Not wanting to let someone else define what Smart is about, they responded in a humouros yet informational way:

Then they actually followed up with a picture proving what they are saying:

 So here is a company taking some bad publicity, and actually coming out looking much better in the end because they not only addressed the person, but also because of the way that they addressed them.  To be honest, I have never thought much about Smart Cars, but I had a newfound respect in the way that they addressed a naysayer.  They probably received a ton of great publicity from that one simple tweet than they have with their regular advertising strategy.

I guess what they have realized, and what schools need to realize, is that the Internet is not going away.  People know that they have a voice and why wouldn’t they use it?  I know United has not had a long time to respond to me but are they going to really change their policy?  Will they even have a logical explanation?
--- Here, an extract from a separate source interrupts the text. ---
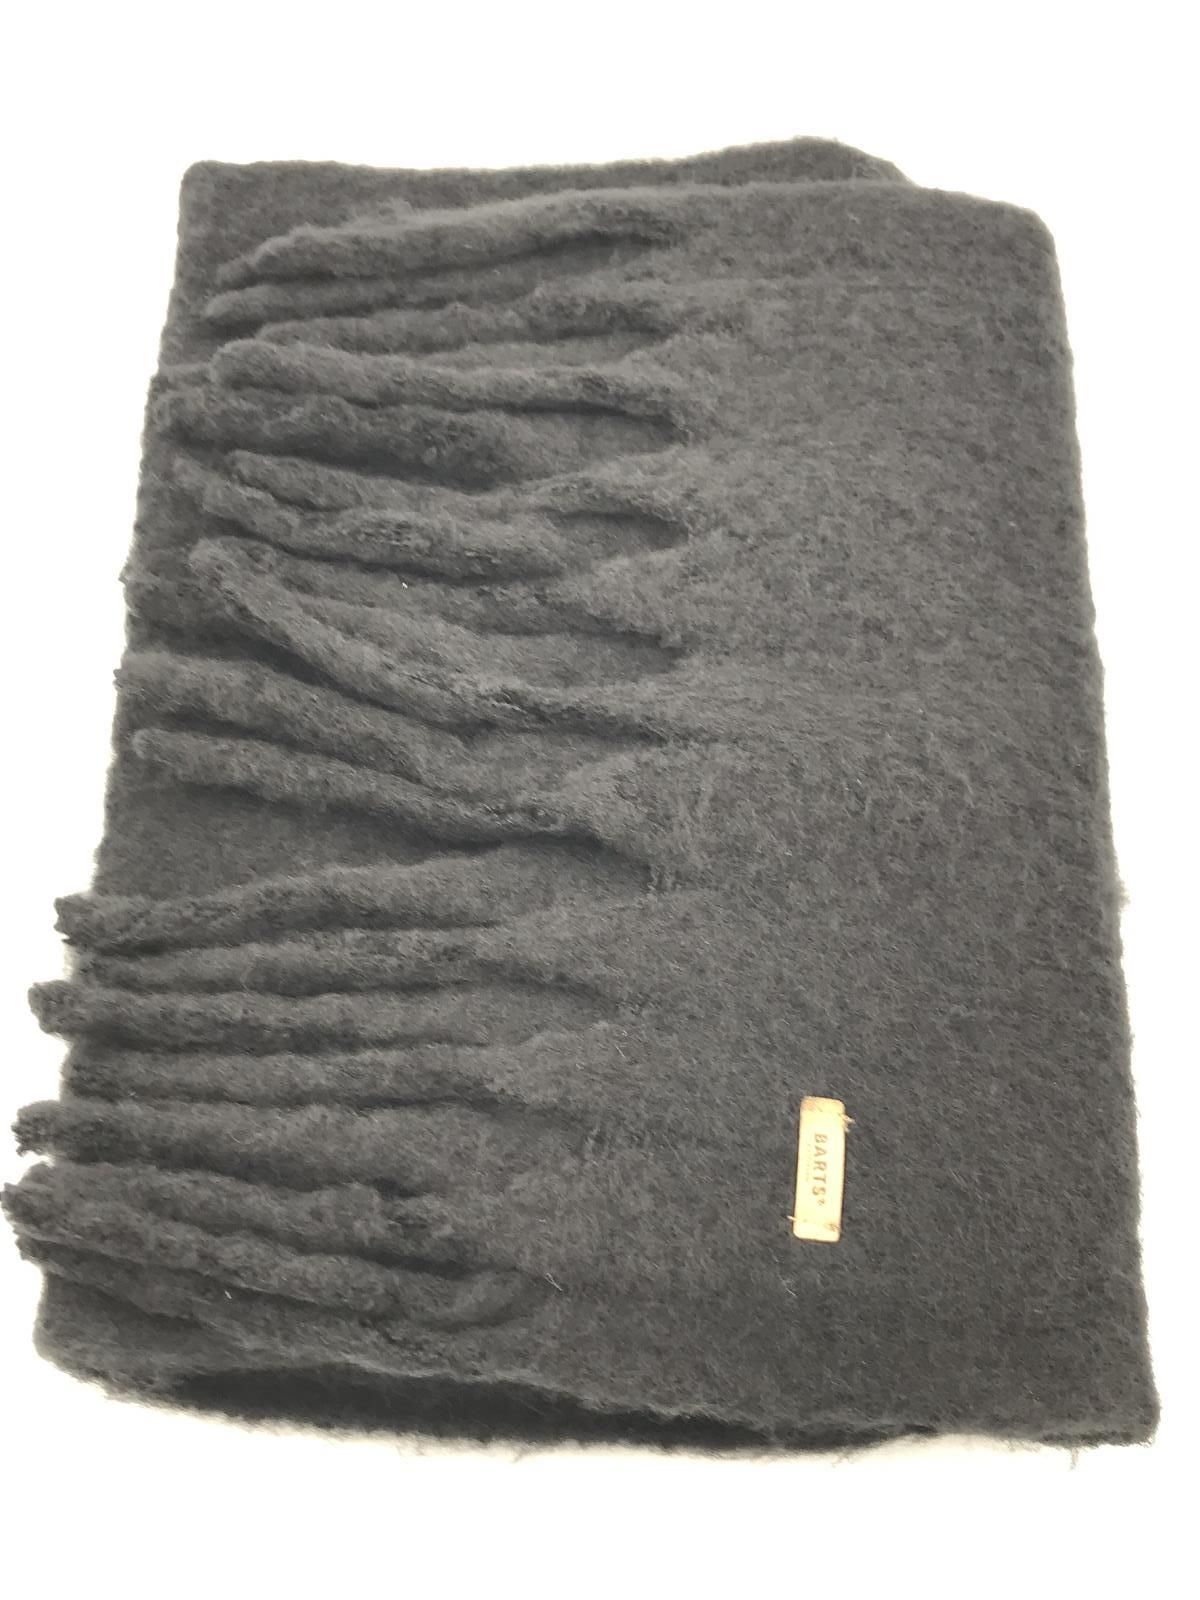 Barts Fyone scarf black (5813) - Stiletto Schoenen (Oudenaarde)
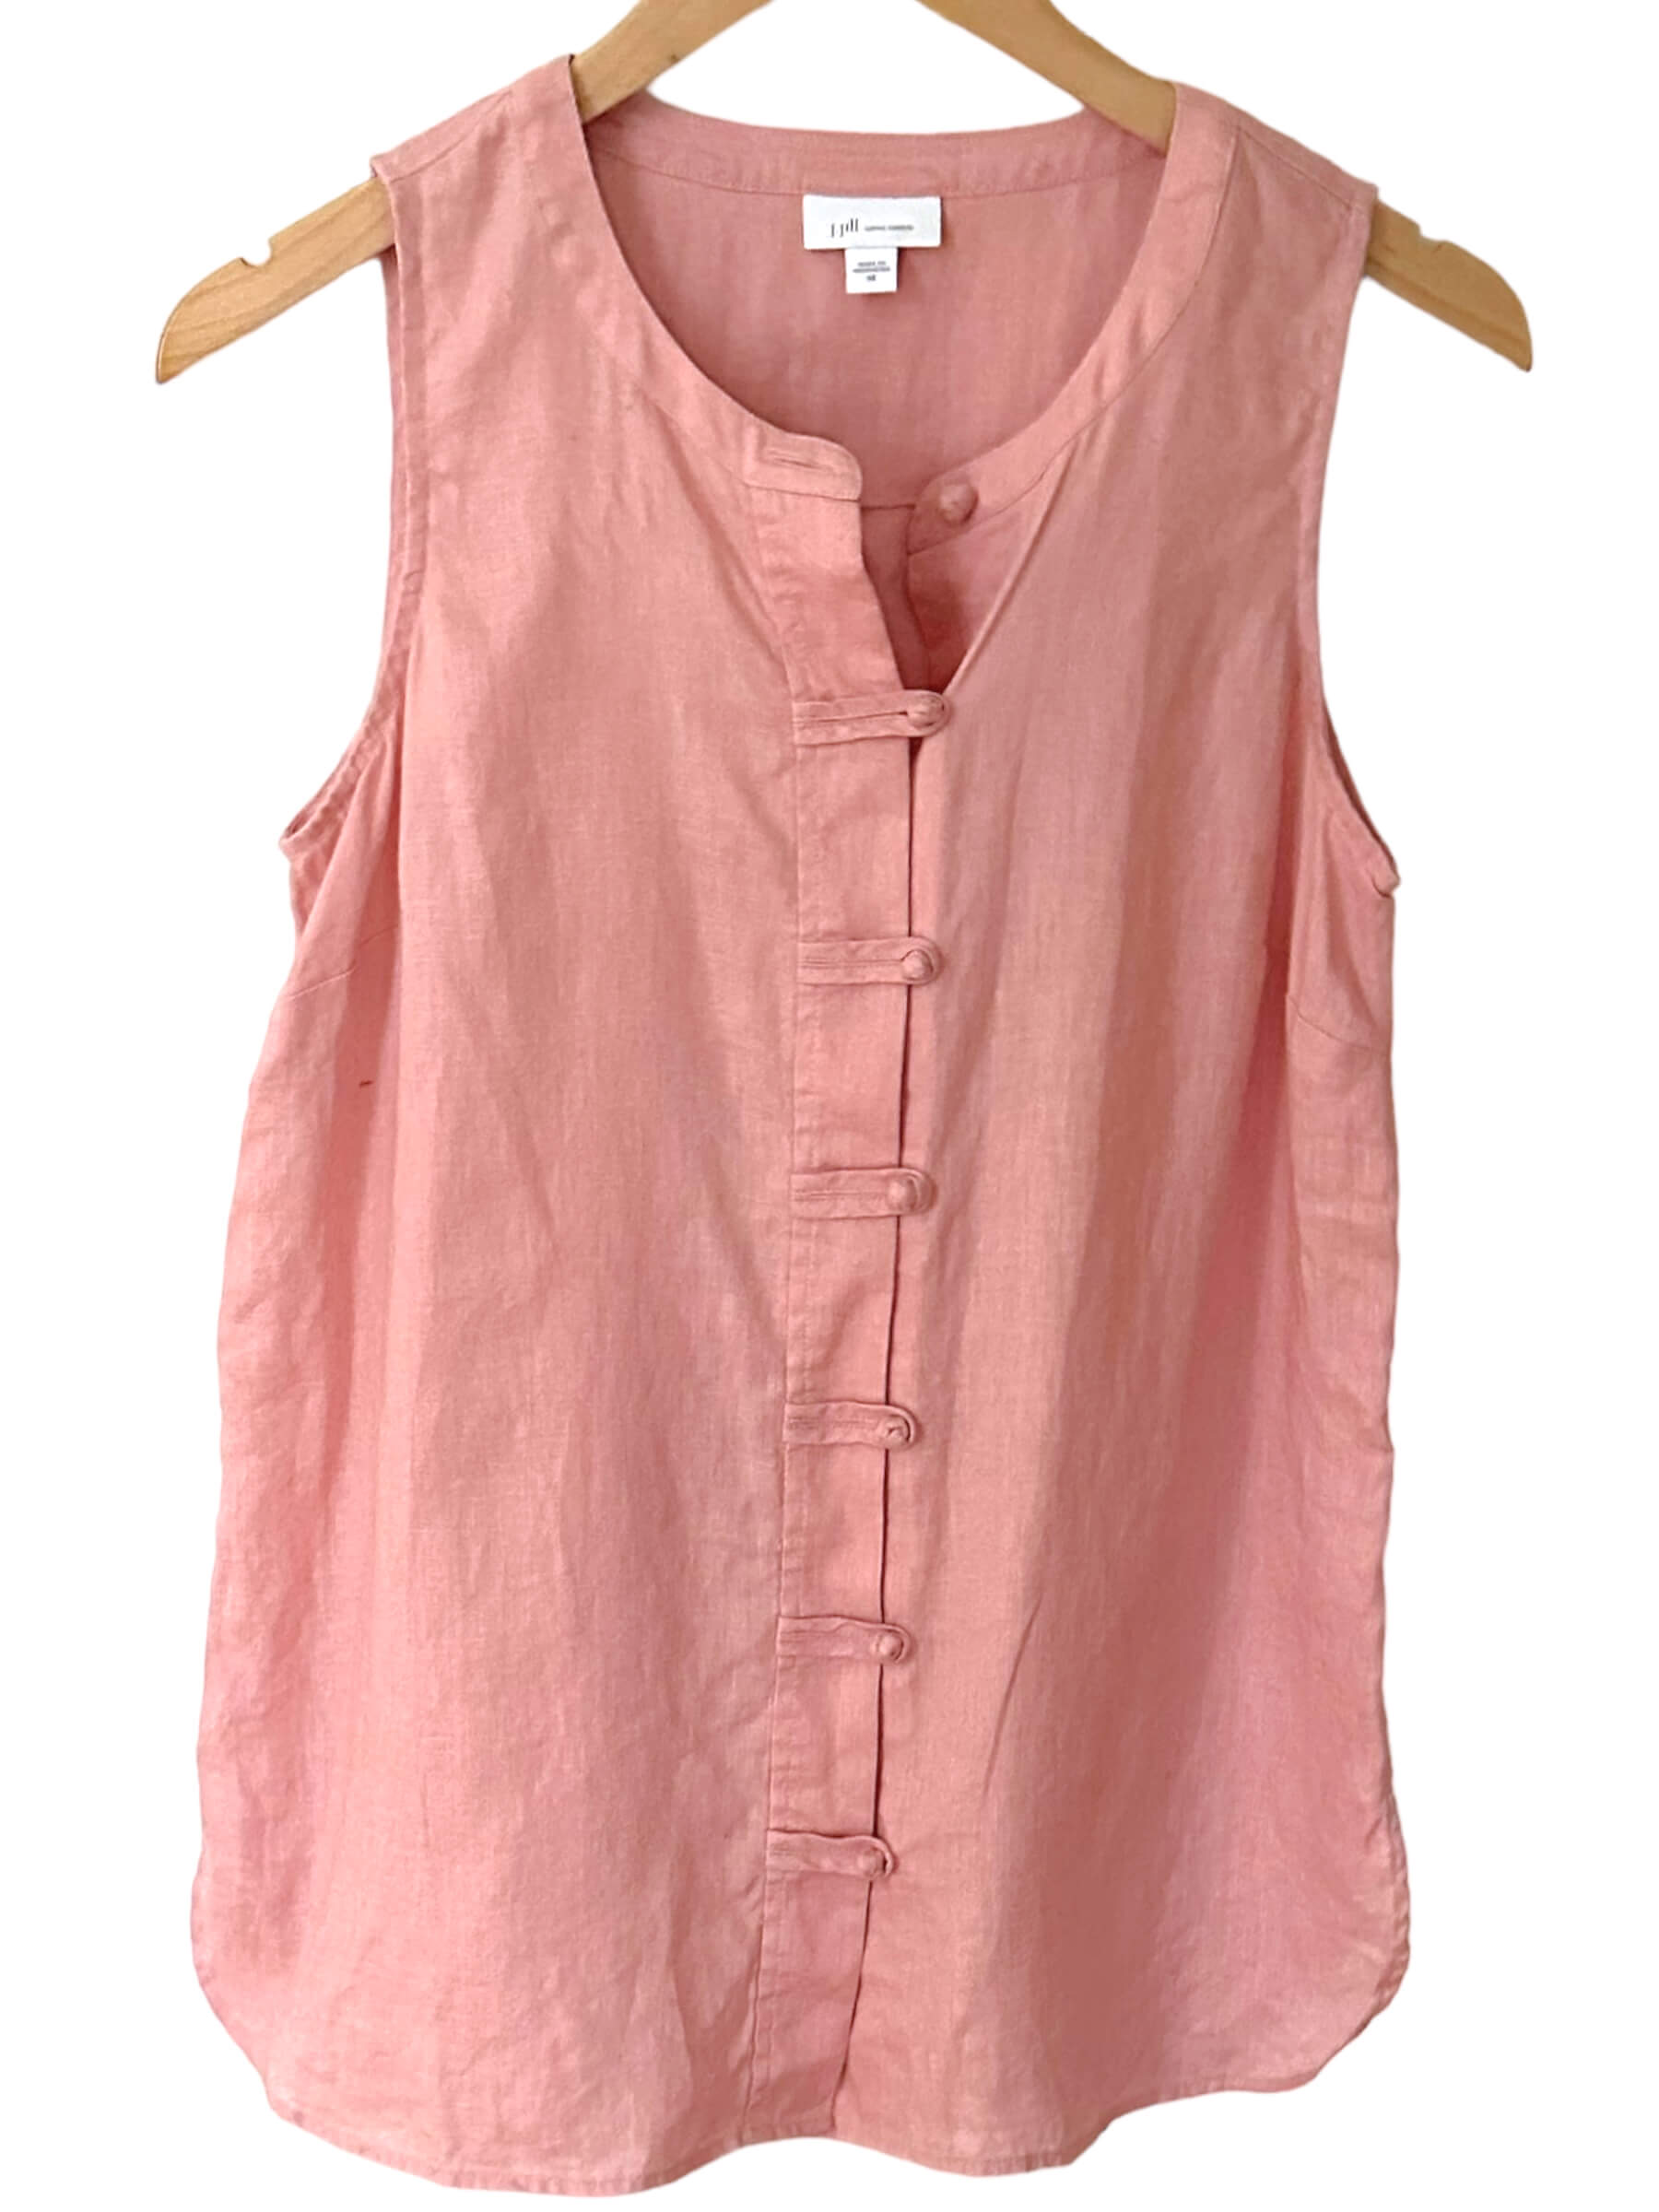 Soft Summer J.Jill pampas pink sleeveless button-up linen top

Schools and administrators need to be aware of this world and be able to address all stakeholders in an open and transparent way.  Would we rather look like United or would we rather look Smart?

  • http://bit.ly/temperedradical Bill Ferriter

    What's really frightening, Pal, is that (1). many school leaders don't even realize that these kinds of conversations are happening about their schools right now and (2). many school leaders don't really care what their "customers" think of them.

    The simple truth is that in an era of budget slashing, focusing on "customer care" just makes sense for schools, too. Want to get the next bond referendum passed? Start by being responsive and transparent.

    Honesty and openness are the new non-negotiables, man.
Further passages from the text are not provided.